沈清荷的脚步放得极轻,素白的裙摆在地上扫过,

  那张素白柔弱的脸上,眼泪还挂着,可眼底的怯意早就散了个干净,

  撕开了怯生生的伪装,只剩下藏不住的算计和势在必得。

  她太清楚这香的厉害了。

  这是太后亲手给的极品迷情香,无色无味,混在常用的檀香里,就算是武功再高的人,也半点都察觉不出来,

  别说是个常年清心寡欲的男人,就是铁打的汉子,闻够了时辰也得化成一滩绕指柔。

  她走到书案前,看着男人紧绷的侧脸。

  额角青筋暴起,下颌线绷得死紧,平日里清冷如寒潭的凤眸此刻染满了猩红,连呼吸都烫得吓人,

  分明已经到了极限。

  沈清荷心头一喜,依旧是那副柔柔弱弱的调子,却多了几分勾人的意味,

  “殿下,您是不是不舒服?臣女……臣女扶您去内间歇着吧?”

  她说着,伸出纤细的手,就要往萧尘渊汗湿的衣襟上碰。

  指尖还没碰到男人的衣料,就被一声淬了冰的喝止钉在原地。

  “滚。”

  萧尘渊的声音哑得厉害,却依旧带着刺骨的寒意和杀意。

  他死死靠着书案,浑身的肌肉绷紧,却唯独没有半分对眼前人的动容。

  他的指尖攥着桌沿,硬木被他捏得生生裂了道细纹,用极致的疼痛压着翻涌的邪火。

  满脑子都是苏窈窈的脸,

  是她早上勾着他脖子,吐气如兰地说话的样子;

  是她窝在他怀里,笑得眉眼弯弯的样子;

  是她在他身下,红着眼眶却依旧嘴硬撩他的样子……

  越是想,身上的火就越旺。

  可就算是烧得神智模糊,他也清楚地知道,眼前这个人不是她。

  他的窈窈。

  除了她,谁都不行。

  就算他被这药逼成了失去理智的野兽,也绝不能碰旁人分毫,更不能伤了他放在心尖上的人。

  沈清荷被他眼里的杀意吓得一抖,

  可看着男人哪怕失控也依旧俊朗得惊心动魄的脸,

  咬了咬牙,

  “殿下,您别撑着了。
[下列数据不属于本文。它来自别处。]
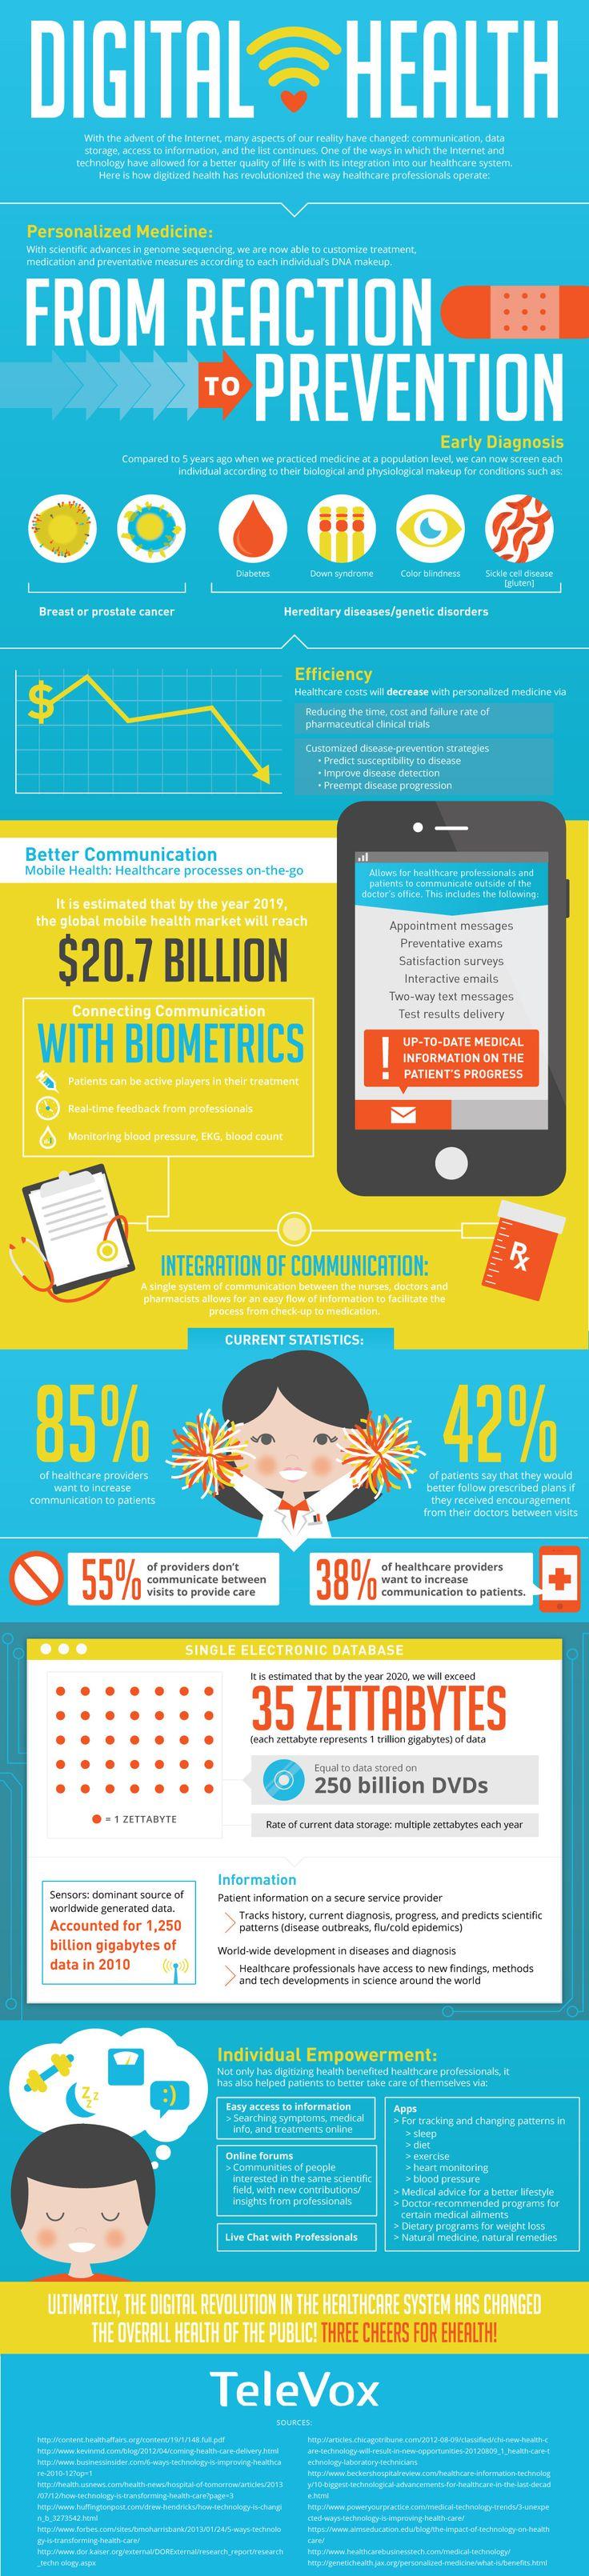 Digital Health #infographic #Health #Technology

”她声音放得更柔,带着刻意的蛊惑,

  “太后娘娘说了,这药烈得很,没有女子解,是会伤了根本的。太子妃娘娘娇贵,见了您这样子,怕是会心生嫌隙,臣女……臣女心甘情愿伺候殿下,绝不敢有半分非分之想。”

  她说着一边往前凑,手再次伸了过来,眼看就要碰到萧尘渊。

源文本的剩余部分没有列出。